Blue (zurqan) is mentioned once (Q 20:102) as the participial state (ḥāl) of the condemned (al-mujrimūn) on the Day of Reckoning; it is the only word from the root z-r-q to appear in the Qurʾān: The Day when the Trumpet will be blown and We shall gather the criminals on that Day, blue-eyed. The guilty are the disbelievers and the wrongdoers (Rāzī, Tafsīr) and “blue-eyed” is glossed as “blind” (Zamakhsharī, Kashshāf), as it is said in Q 20:124, We shall raise him blind on the Day of Resurrection. It is the negative opposite of the whitening of the eyes of Yaʿqūb, upon him peace, in Q 12:84 (Ibn al-Qaṭṭāʿ, Kitāb al-afʿāl, 2:94).


Colors in the Plenitude of Creation

The entire order of creation is permeated with dynamic colors of manifold hues: And of humankind, beasts, and cattle there are, likewise, those of diverse colors (Q 35:28). In this diversity of colors is a proof of the existence of an Excellent Creator (Qurṭubī, Tafsīr). And whatsoever He has created for you on earth of varying colorsverily, in this is a sign for people who remember (Q 16:13), just as diverse languages are signs for people of knowledge: And of His signs is the creation of the heavens and the earth and the diversity of your languages and your colors; indeed, in this are signs for those of knowledge (Q 30:22).
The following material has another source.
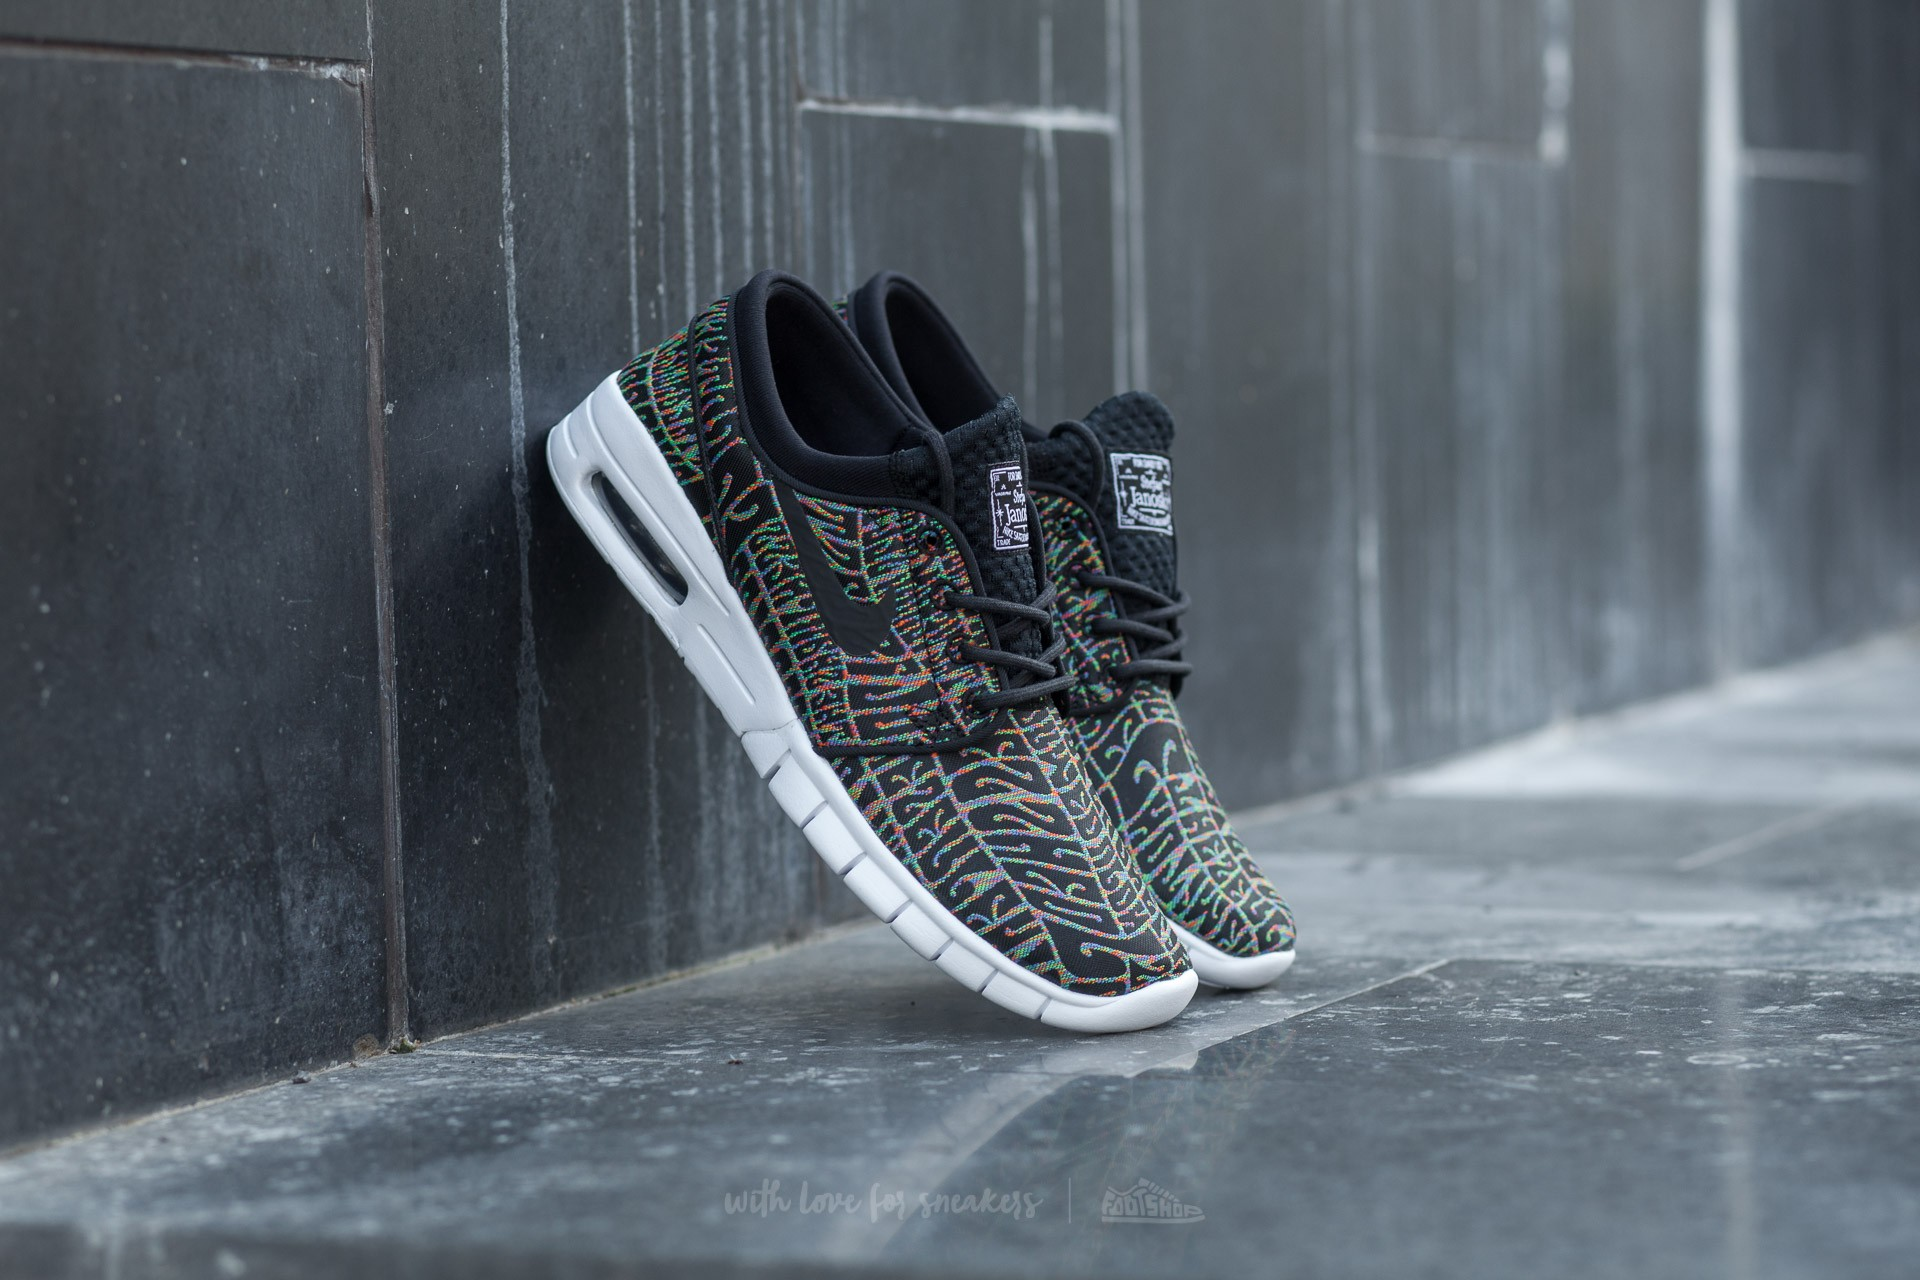 new products 0a6d0 b1a8d Nike Stefan Janoski Max Premium. Black  Black-White-Multi-Color
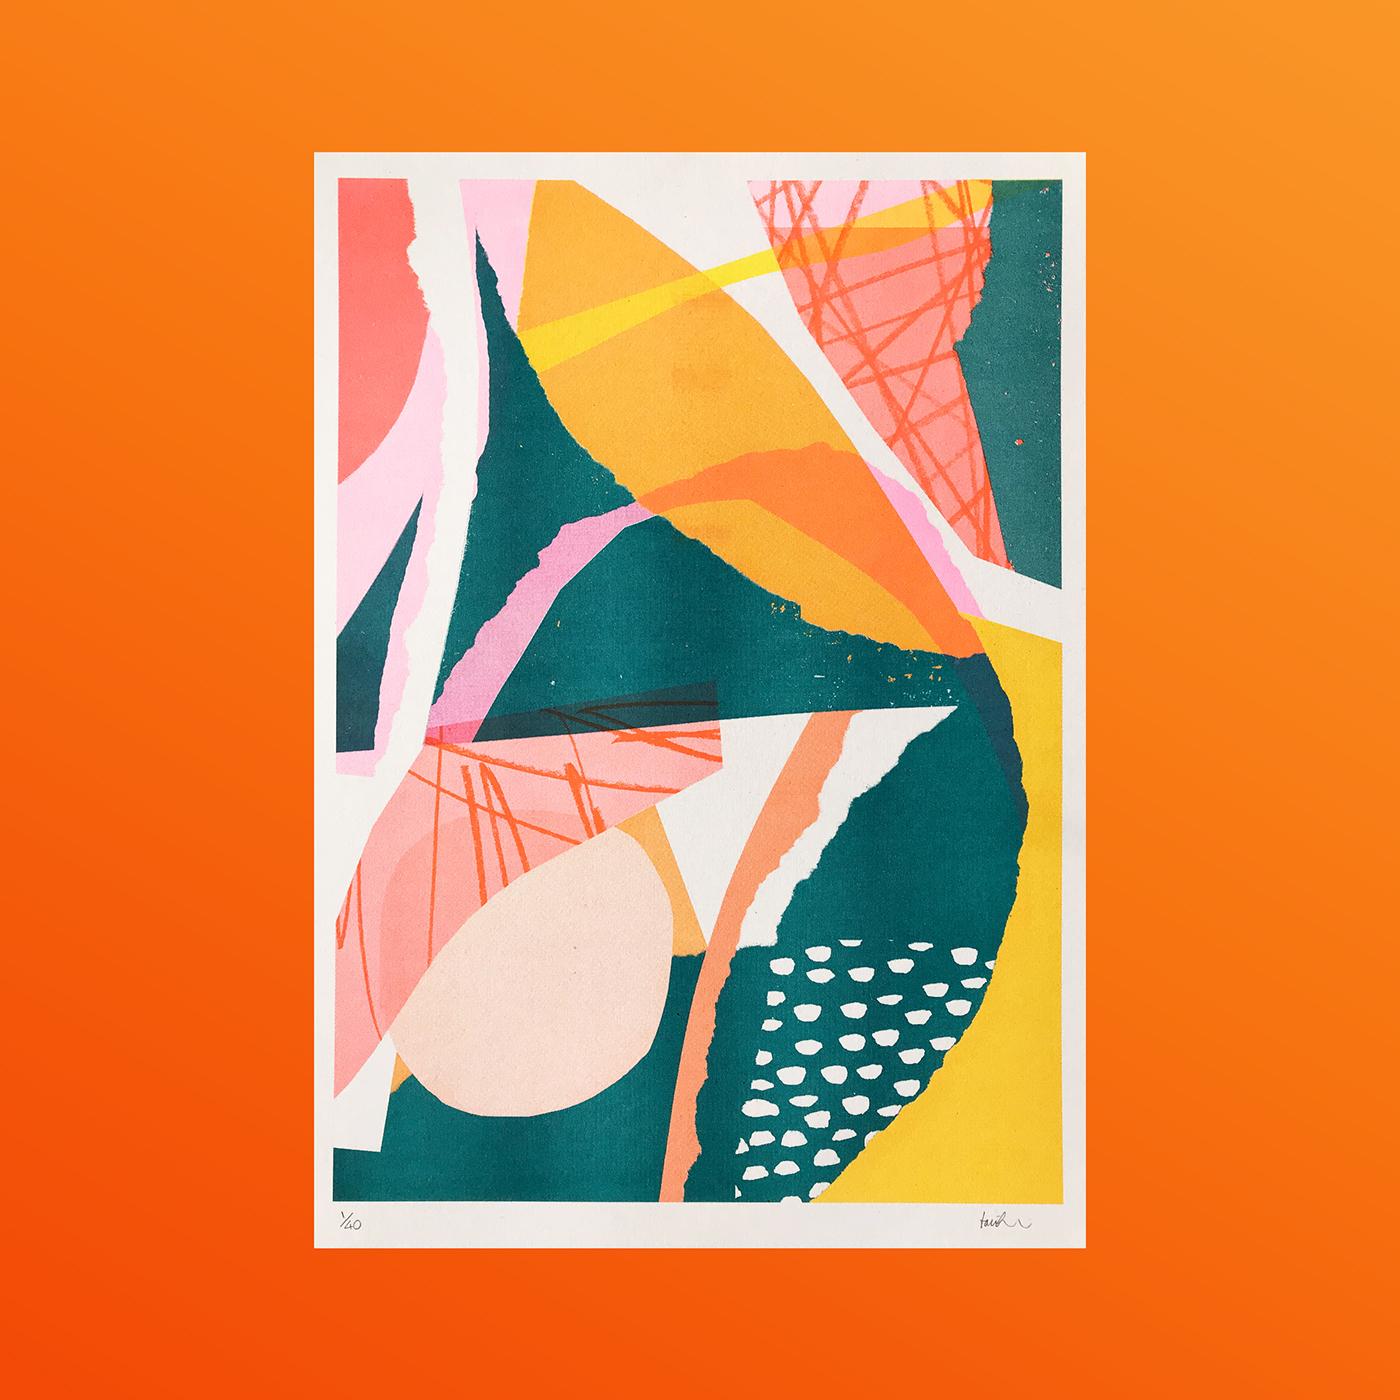 Riso risograph abstract contemporary art modern modern art print printmaking risography Abstract Art

Embedded in the rhythm of life as well as appearing within the goodly provisions (Q 16:67), which Allah Most High creates for the sustenance of all living beings, colors are present in everything—in the pure white milk produced in the bellies of the cattle, between refuse and blood (Q 16:66), as well as in flowers, fruits, and vegetation, and in a drink of diverse colors which comes forth from the bellies of bees, to whom the Lord has instructed to take up dwellings among the mountains and the trees and among that which they build, then eat of every kind of fruit, and follow the ways of your Lord made easy (Q 16:65-69; see Contemplation)—all of these are manifest bounties of Allah, bearing gratitude (Ṭabarī, Tafsīr, sub Q 16:13).